Summer Camping

The campsite was laid out in our usual Sears family way. The tent had been set up on the highest piece of ground my Dad could find in the rented campsite, far enough away from the fire area that no one had to worry about embers hitting the tent and far enough under trees as to provide much needed shade. My Dad would always bring extra stakes and ropes to secure the tent and rain canopy –  experiences of camping in heavy rains had apparently taught him to do this – which created a ready made obstacle course for my two brothers and me.

It was my birthday, but I don’t remember which one. Truth of the matter is that Dad’s vacation fell on my birthday so often in my early years that I thought camping was something you were required to do on your birthday. That is, until I realized that we were always home in February and October for my brother’s birthday celebrations. But this was normal for me.

It was still light out but we had eaten dinner and even a cake of some sort and were really just relaxing for the evening. My younger brother was making use of the obstacle course. Mom, my older brother and I were sitting at the picnic table playing a game of “Sorry!”. Why we took board games on camping trips was beyond me at that time. I’m guessing it cut down on the number of times Mom had to yell at us for chasing one another around the tent or fire. It was also a good time waster. Dad was working on getting a fire ready for the evening.

I don’t recall what we were snacking on, probably chips or pretzels, and soft drinks. It was my turn to move in the game and my older brother was getting impatient but my attention had turned to a squirrel in one of the trees near us. I had been watching a lot of squirrels simply because I was hoping to see a “flying squirrel”. To that point, I’d just seen a lot of acrobatic ones. Still my attention was in the trees when my Mom suddenly began slamming the table, knocking the “Sorry!” game pieces all over the place and spilling her bright pink can of TaB. She wasn’t really making any noise but it looked like she was coughing. Truthfully, I had no idea what was going on at the time.
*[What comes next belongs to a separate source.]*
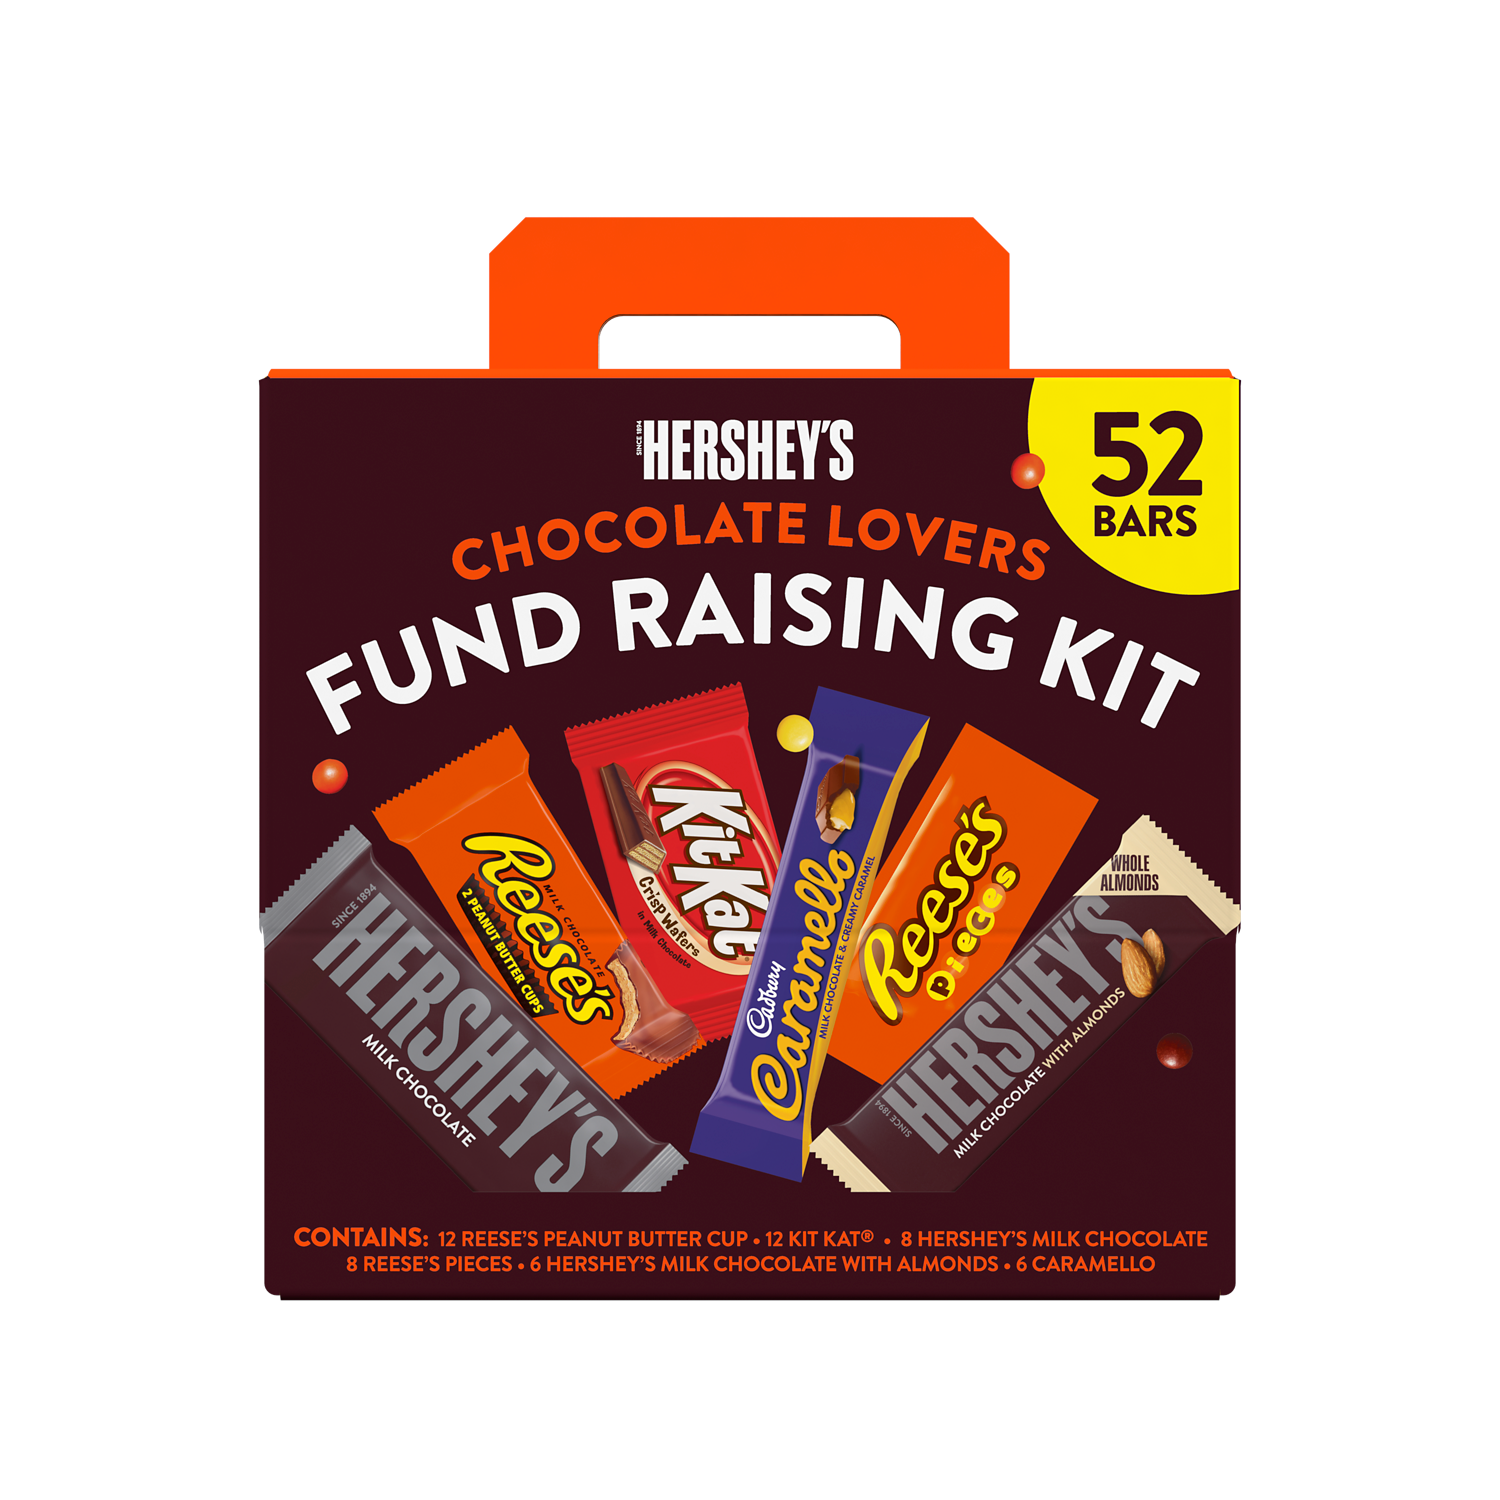 Hershey Chocolate Lovers Fund Raising Kit, 79.52 oz box, 52 bars - Front of Package

Now, just to put this in it’s proper historical time, this was taking place before the widespread implementation of the Heimlich Maneuver. Heck, it might have even been before the maneuver itself was introduced. I don’t recall the exact birthday but it had to be around 1975. I might have been ten years old, but I doubt it.

So, here we are, a family of five, with one in obvious distress at picnic table in some state park in WV. One boy running around a tent and jumping over and crawling under the various sets of ropes holding down a tent and rain canopy. Two other boys looking stunned, glancing back and forth between a ruined board game, a dripping diet soda, and a mother acting very strange. And a father getting a campfire ready for roasting marshmallows.

My Dad stepped away from the fire building, walked up behind my Mom and said, “Do you need a hit?” and then without even waiting for answer, hauls off and smacks her in the back with the flat of his hand with so much force that she went sprawling across the table, the Sorry! board, and the spilled TaB. I don’t know if the pretzels fell victim to the sprawl or not.

Mom came up from the “hit” with just about the same force she had taken – proof to my young mind that every action has an opposite and equal reaction – and screamed at my Dad, “Well, what did you ask me for if you weren’t going to wait for an answer!”

Somehow, the whole thing became outrageously funny at that moment and both Mom and Dad began laughing and the rest of us stunned observers, who were still not sure what had happened joined in.

The evening went on. I got to have the first S’more of the night because it was my birthday. We sat around the campfire as always and were told “once, if not a thousand times” not to get so close to the fire. We laughed and sang and sometimes just got quiet. But every once in a while the breeze would snatch up enough smoke and billow it towards someone that they would cough. Inevitably someone else would say, “Do you need a hit?” and the coughing person would yell “NO!” and everyone would crack up.

In fact, it became such a joke in our family that I can remember my Dad, coughing in a hospital bed during his last week of life, smiling and shaking his head “no” when I asked him, “Do you need a hit?”

That little phrase seemed to carry us back to the woods, the tent, the sticky s’mores the squirrels, the wood smoke, and the fun.

Some words are like that. They evoke such powerful memory that they take us back to something that is more than just a memory, more than just a fading thought. They evoke time, place, event, with such Gemüt that reality itself is evoked anew.

In my family, “Do you need a hit?” still does that.

My other family, the one that I journey with towards that “home” we do not know yet, has a few too.

“This is the body…broken…”

“I was glad when they said to me…”

“Peace be with you.”

“He is risen…”

“In the beginning…”

And I thought it was just going to be another summer camping trip taking place around my birthday. Who knew?